In total, the stylesheet measures just over 5KB – which is pretty reasonable considering what you get.
Have a look at the getting started page for more details.
6. MD Bootstrap
MD Bootstrap is one of the few freemium libraries out there. It does cost money for the pro version, but you can use the free version indefinitely. This makes it perfectly suitable for most projects.
Not to mention this library runs on Bootstrap 4, which makes it fully compliant with the newest updates. Pretty cool!
There are quite a few Bootstrap frameworks that use material design, but the MD Bootstrap kit is my favorite.
Browse their tutorial to learn more.
7. Bootstrap Material Design
This is one other Bootstrap add-on that really takes material design to the next level. With the Bootstrap Material Design framework you have the option of using the older version (3.x) or the newer Bootstrap 4. Both choices are fully supported and this library is completely free regardless.
While I think both material BS libraries offer value, I think this one’s a bit more customizable from the get-go. But that also means it takes a little more work to learn the internals.
Have a look at their GitHub page if you would like to learn more.
8. Material UI
If you’re building modern webapps then you’ll probably know all about React. It’s one of the largest JS frameworks on the web and it’s growing larger every year.
The Material UI framework brings material design into the React.js ecosystem. This lets you build custom material-styled webapps while coding on top of a React.js base.
It’s currently in development for a v1.0 release and you can expect that update very soon. Have a look at the GitHub repo for more information.
Another fast-growing JS framework is Vue.js. This works like React, except it feels more like a traditional templating library for all types of sites – not just webapps.
The Vuetify library offers a material design UI kit on top of the Vue.js framework. This project started a little while back and it features a pretty dedicated support base.

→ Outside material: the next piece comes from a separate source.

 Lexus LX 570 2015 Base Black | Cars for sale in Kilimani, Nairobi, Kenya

There’s a fantastic user guide online you can check out if you’d like to see how this works in action.
But I can’t say this is the perfect solution for all Vue.js projects, so keep that in mind before launching this on a live site.
Love using CSS flexbox? Then the Bulma framework is for you.

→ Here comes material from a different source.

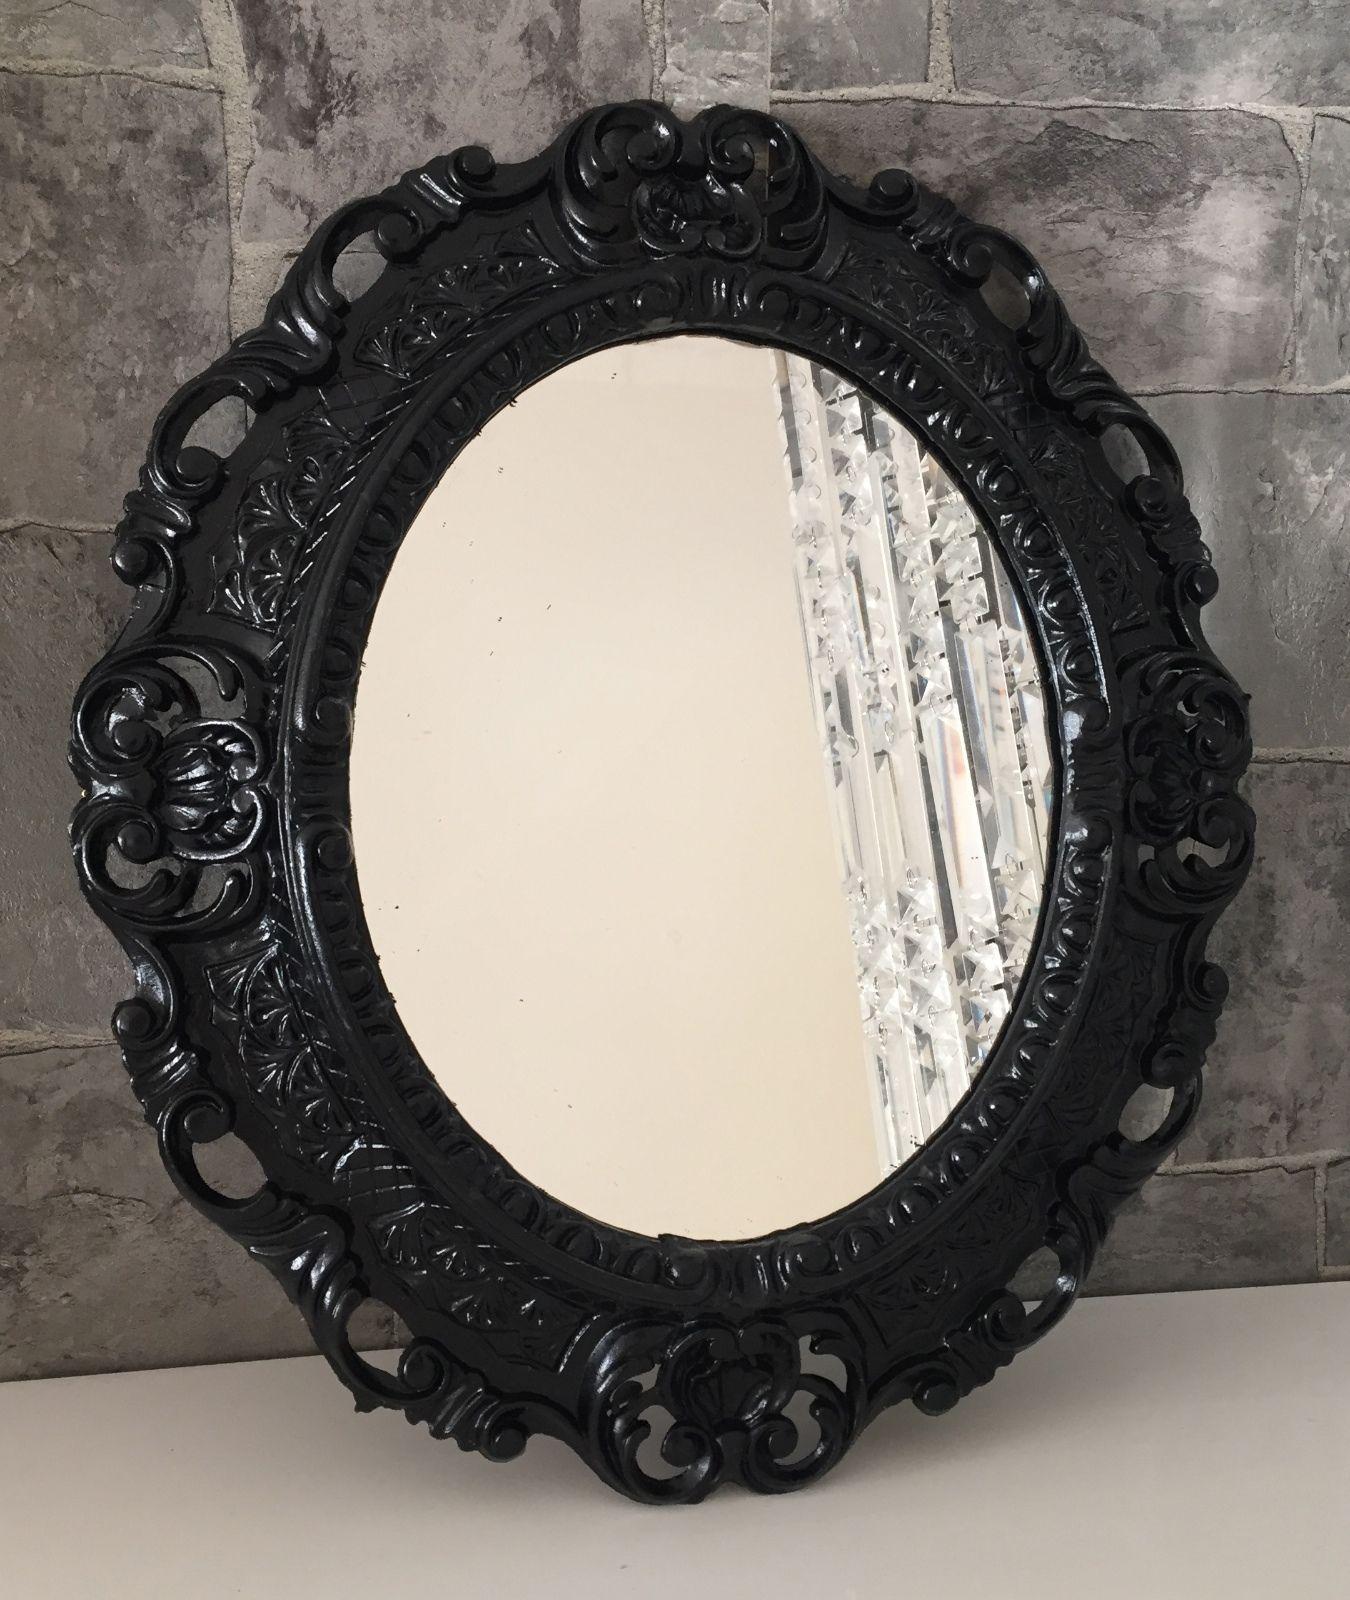 Wandspiegel Schwarz Barock Oval Spiegel Antik 45x38 Bad/Flur ...

This runs on top of common material design features with aesthetics that can blend into any page. The design is clean, super-easy to use and the grid system is phenomenal.
This is my top choice for anything flexbox related. Even if you don’t know much about flexbox, this framework makes for a great learning tool.
11. Ionic Material
If you want to build native apps without programming, then Ionic is a perfect choice. It works like a web framework and lets you publish native Android applications that can actually be accepted into the store.
Ionic Material takes things to the next level. With this framework you can build native-looking apps that run on Google’s material design guidelines.
All you need is some knowledge of Ionic and a willingness to dive into this gorgeous UI kit.
12. Google Material Color
Google Material Color isn’t a complete UI kit, but rather a color library for web developers.
This comes with a bunch of pre-built color codes that fit perfectly into Google’s color requirements. And this library runs on top of Sass, Less, and Stylus.
13. Material UI
Short, simple, and easy to setup best describes this Material UI kit developed by Balaj Marius.
It’s a super-simple concept and certainly not the largest library here. But it gets the job done – offering a solid number of material components for any project.
Most of these follow the card interface which has become popularized by Google. It’s the perfect addition to any material website.
14. Hubuntu UI
Few designers mention admin themes because they’re just not as popular as frontend frameworks. But the Hubuntu UI admin kit is phenomenal for building your own dashboard, whether it’s for a CMS, a SaaS product or anything else.
This entire framework runs on the Stylus preprocessor but can be used with plain CSS. It is fairly complex so you’ll need to do some reading to get into the nitty-gritty details.
Thankfully everything you need to learn can be found on the main GitHub page, along with setup instructions for the whole framework.